I have been working with SSIS for several years now and I have realized that the easy to use graphical nature of the tool is very advantageous but it recently occurred to me that there is a disadvantage that I had not considered.  I have also been the recipient of formal training courses on the tool as well as completed formal exams on the subject.

When you select a transformation to use from the tool box, you select the transformation and drag it over to your data flow.  This could give the illusion that all transformations are created equally because they all come from the same tool box.  What is not immediately apparent is that there are significant differences between the performance behaviors of the transformations based on a few different properties of the objects.  

The properties I will discuss are the synchronous/asynchronous property and the transformation type property ie:  non-blocking, semi-blocking, fully-blocking.  The properties that an object possesses are a significant factor in the performance you can expect from the object.

Synchronous/Asynchronous

A synchronous transformation is the more highly performing type because the transformation uses the same buffer for the output as is used for the input.  The incoming rows are processed and passed on one row at a time and this is possible because the transformation does not need any additional information from other buffers.  MSDN uses the Data Conversion transformation as a perfect example of this.  Each row that is used as input from the buffer is converted and then outputted one row at a time.  Each conversion is completely separate from the rest of the row set so the process does not have to wait on anything else and can complete much faster.



Example: The Data Conversion transformation is synchronous.

An asynchronous transformation is the just the opposite of that.  Instead of relying on the same input buffer as the output buffer, the process may have to acquire multiple buffers before it can complete the necessary processing.  There may be some additional waiting involved.  The output buffer is not independent of the input buffer.   A perfect example of this is the Merge transformation.  Before the output buffer can be complete it has to first look at many rows from each of the input buffers and then completes the merge operation and return the row set in a sorted order.

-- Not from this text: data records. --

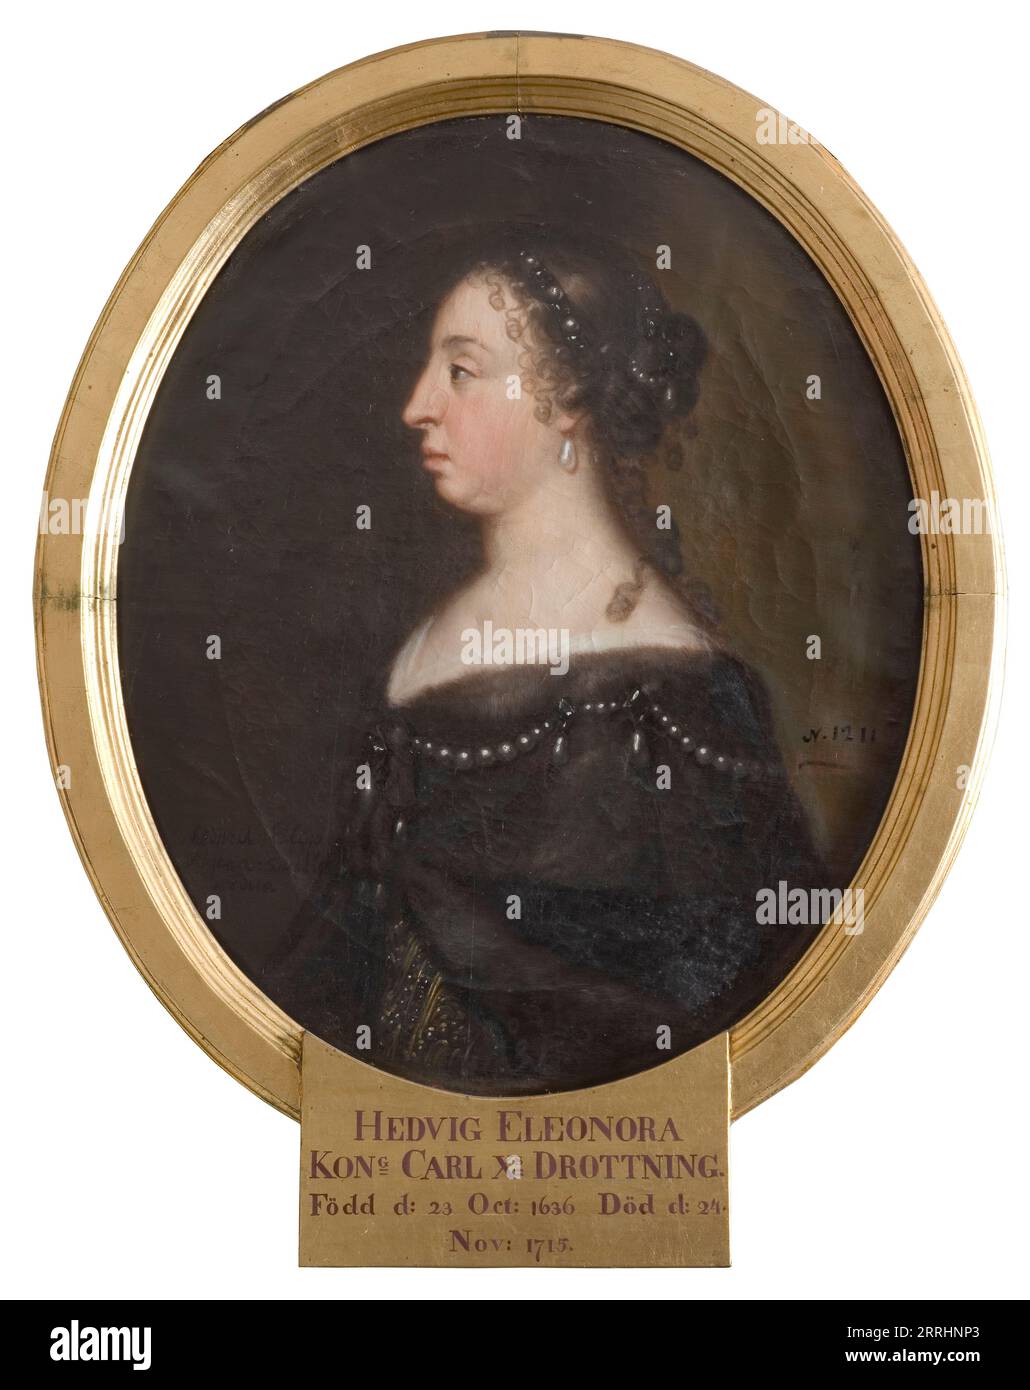 Hedvig Eleonora, 1636-1715, Princess of Holstein-Gottorp, Queen of Sweden, c17th century. Stock Photo
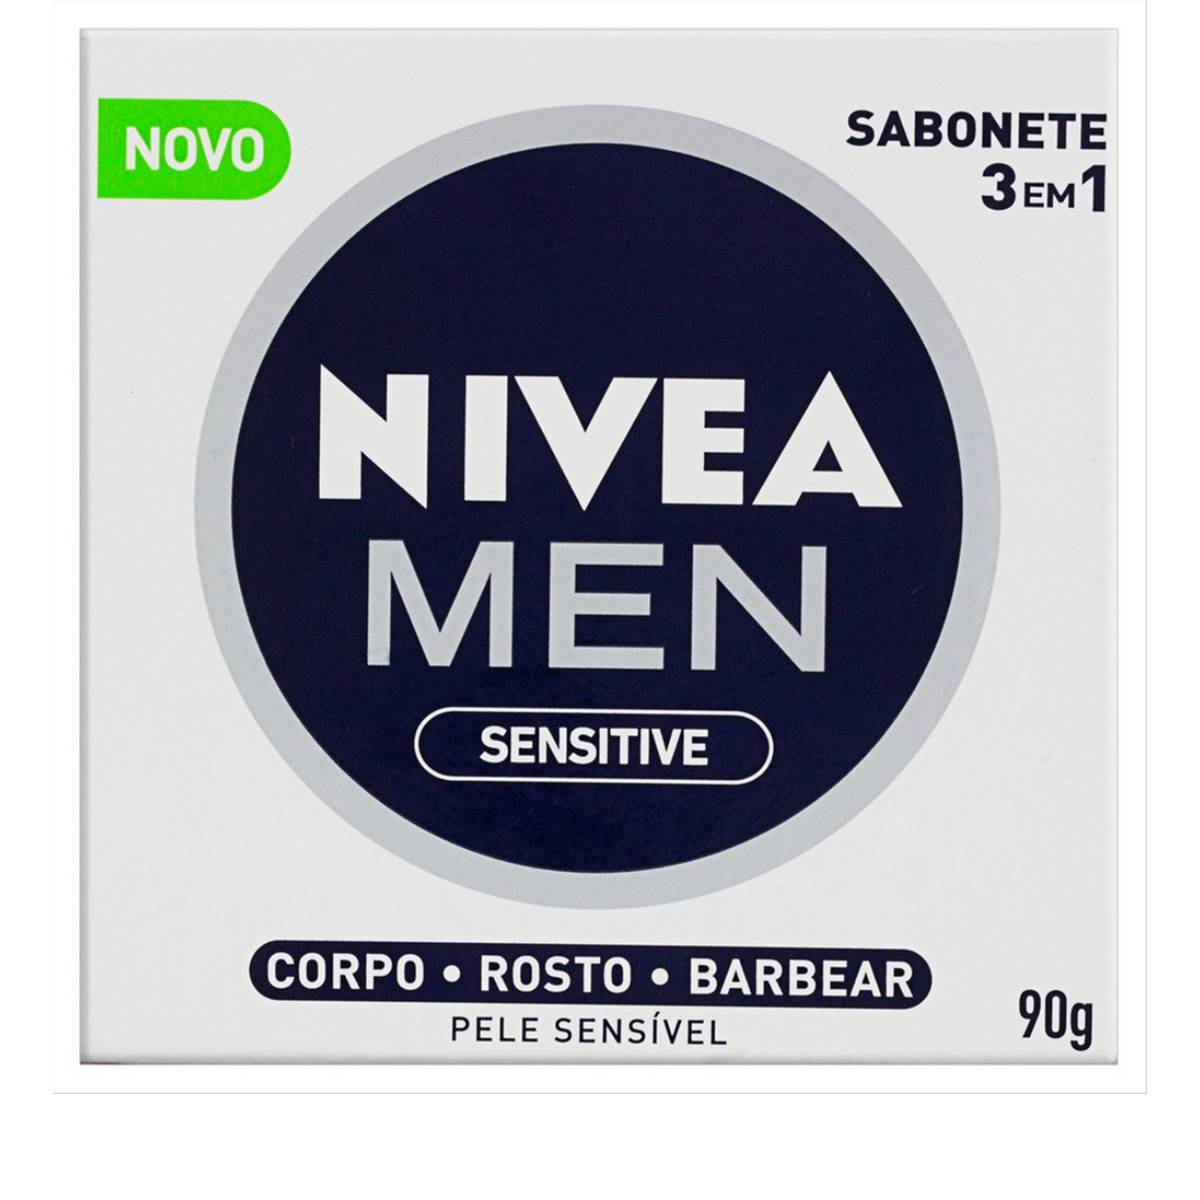 Sabonete em Barra Nivea Men 3 em 1 Sensitive 90g
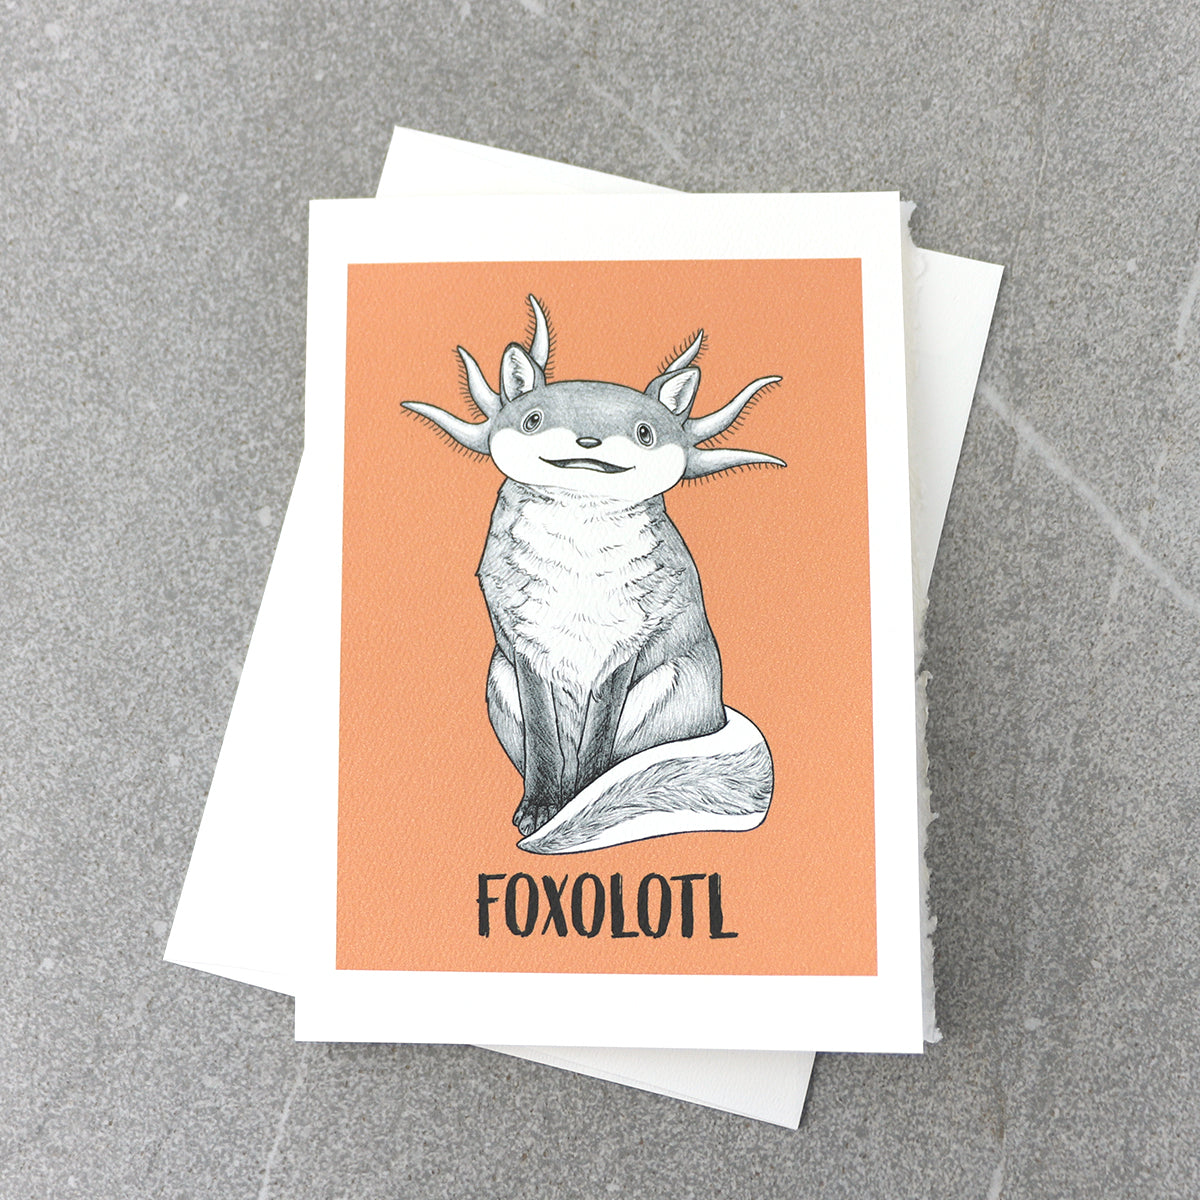 Foxolotl 5x7" Greeting Card

Example: The Merge Conversion transformation is asynchronous.

It is interesting to note that all destination adapters are synchronous and all source adapters are asynchronous because they need 2 output buffers.  One for the success and one for any failed outputs.

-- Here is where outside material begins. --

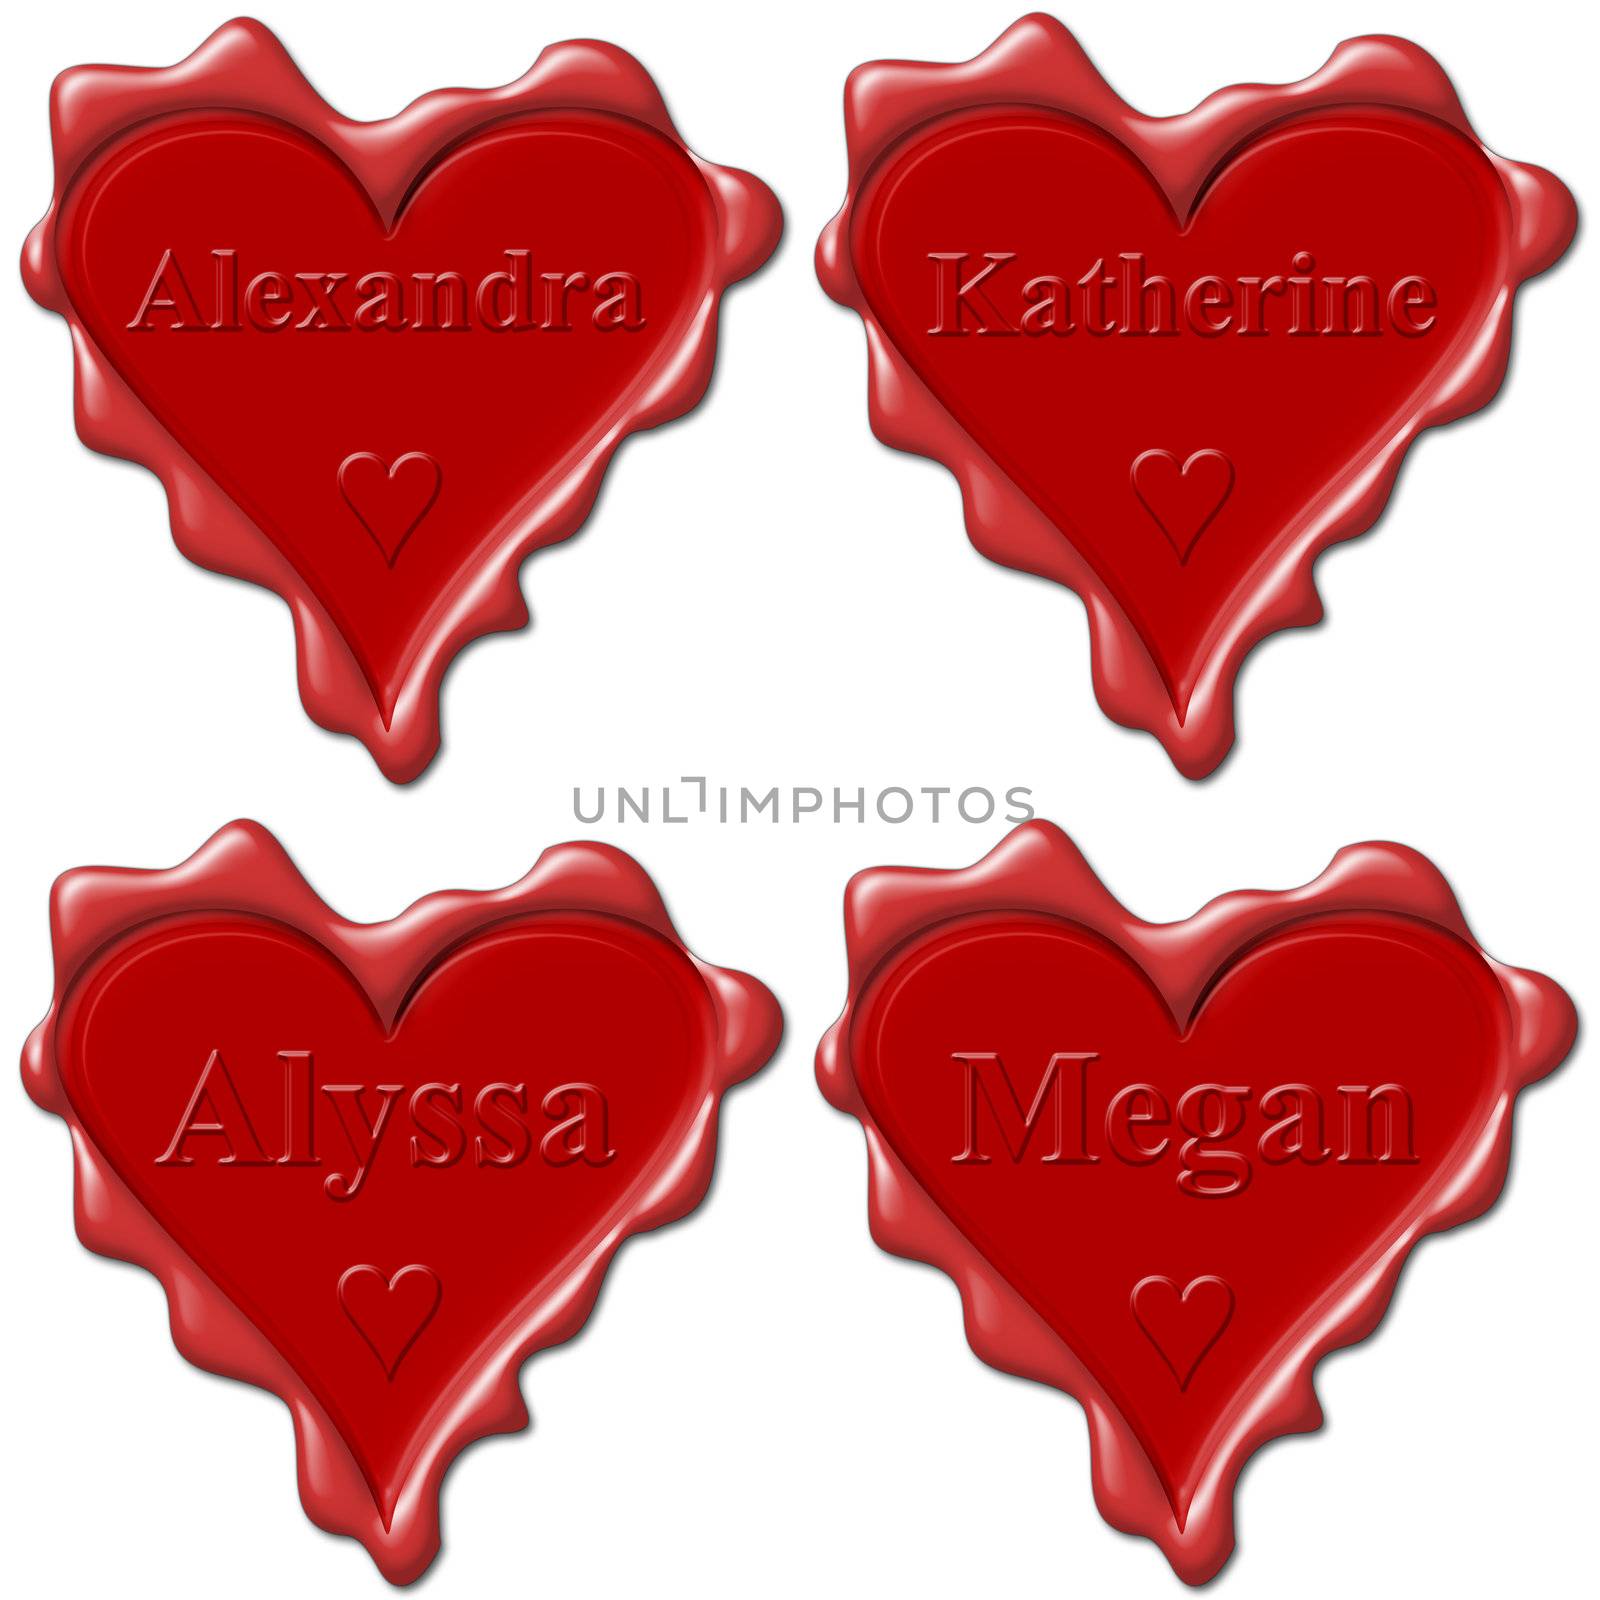 Valentine love hearts with names: Alexandra, Katherine, Alyssa, Megan

Three Transformation Types
In this next section, Ill briefly discuss the three transformation type of non-blocking, semi-blocking, fully-blocking.

Non-Blocking
This transformation type is the best performing type.  They process row by row with no dependency on other rows.  The number of rows that are in the input buffer are equal to the rows that are in the output buffer.  The process is synchronous and therefore they are made available to the downstream output with no waiting on the status of other buffers.  This makes them very lightweight and efficient.  Row transformation are a good example of a non-blocking transformation.

Semi-Blocking
Semi-blocking transformation have dependence on other rows.  Rows are added to the input buffer and held for a while until the process is able to release the rows to the output buffer.  A good example of this is the Merge transformation.  Rows are added the input buffer and held until a match is found and then the rows are released to the output buffer in a sorted output.  The time taken before a match is found is what causes these types of transformation to perform worse than non-blocking transformations.

Fully-Blocking
A full-blocking transformation is the least performing transformation.  They require all rows to be received from the input buffer and held until they can be subjected to transformation.  The nature of the output is dependent on collecting all the rows first.  A perfect example of a fully-blocking transformation is an Aggregate transformation.  If you are going to SUM a row set it only makes sense that you collect the entire row set first before you can SUM it.

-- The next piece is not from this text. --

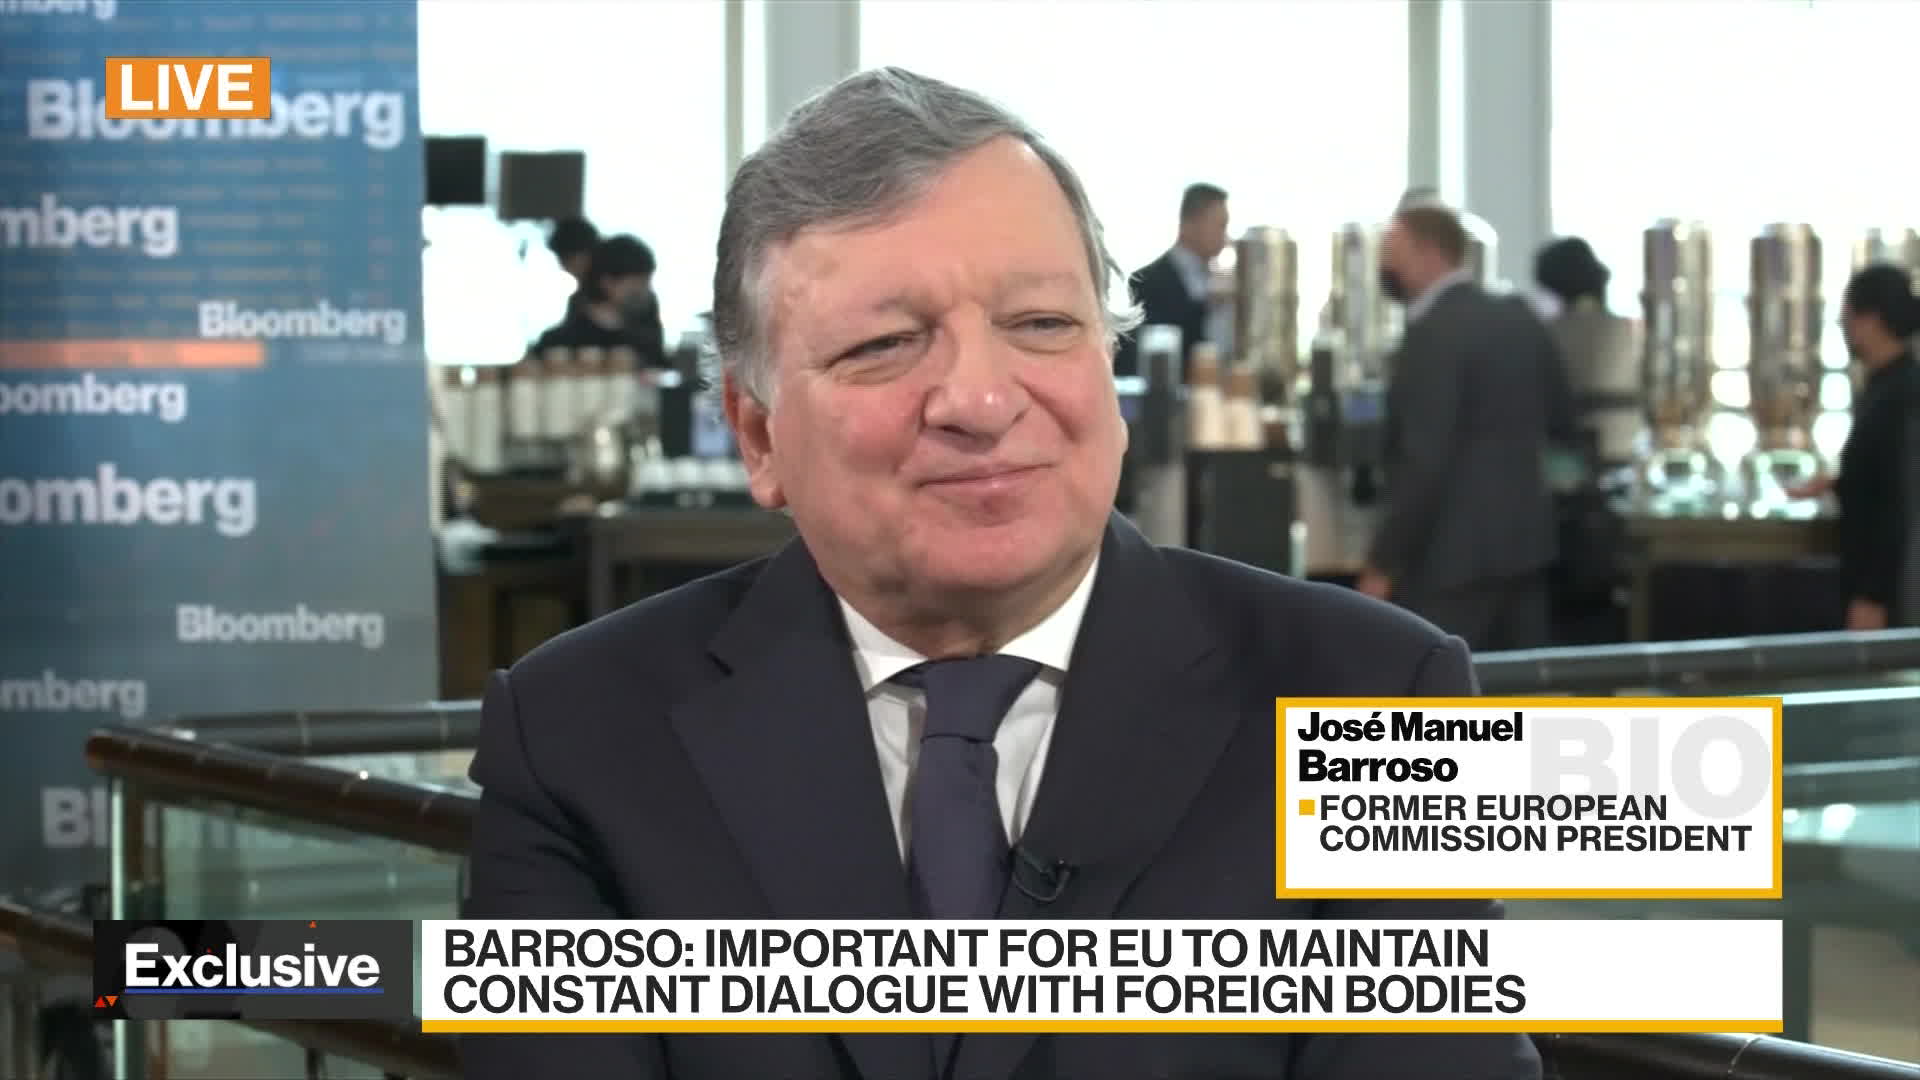 Jose Manuel Barroso  Biography, European Commission, & Facts

It is important to consider these properties when deciding which transformations to utilize.  A complete understanding of the difference in performance helps to make the best choice.



Example: Transformation Type Categories (Satya Katari)

Thanks for reading,

SQL Canuck

Friday, 13 November 2015

Using LOCALHOST to connect to a named SQL Server 2012 Instance

Apart from working on database servers that are part of a wide area network for most of my day to day duties as a Senior Data Warehouse Architect, I like to keep  local SQL Server instance(s) on my work PC.  This allows me to spend some time working through training demos that I come across or that are part of my self-paced learning objectives to prepare for passing certification exams.

I am about a week away from writing the first of 2 certification exams for the MCSA SQL Server 2012 certification.  In preparation for that, I am working through some material from Microsoft Press.  This material comes with excellent demos and these demos need to access to a named instance of SQL Server 2012.  I installed the developer edition of SQL Server 2012 on my PC and created an appropriate named instance.

For many years, I have kept various instances of SQL Server local to my PC so I could play in a secure environment.  I got in the habit of connecting to these instances by using the LOCALHOST hostname.  This allows me to access the network services that run on the host (my own PC) by using the loopback network interface.  I could type my computer name each time but this is just easier to type LOCALHOST or even the loopback IP 127.0.0.1 .

After I created my newest named instance, I noticed that I was having connection issues when I tried to connect using the LOCALHOST as my server name.  The same was true when I would try use the loopback IP address.  I would try to connect to SQL Server SSMS and if I used LOCALHOST or 127.0.0.1 as the server name it wouldn’t not connect and give me the following error.











Example: Connect to Server error message


After some investigation, I realized that because I was trying to connect to a named instance as opposed to a default instance there were a few steps I would need to take to continue to use LOCALHOST as my server name. 

If I wanted the hostname LOCALHOST to be associated with my newly installed named instance I would need to create an alias.  This can be done in the SQL Server Configuration Manager that is provided when you install SQL Server 2012.  This can found at Start>All Programs>Microsoft SQL Server 2012>Configuration Tools.  

Once the configuration manager is opened you can go to the node that is called SQL Native Client 11.0 Configuration (32bit).  You can right click and select New Alias and enter ‘LOCALHOST’ under Alias Name and your SERVERNAME/InstanceName under Server.  You should do the same on SQL Native Client 11.0 Configuration if your PC runs a 64 bit architecture.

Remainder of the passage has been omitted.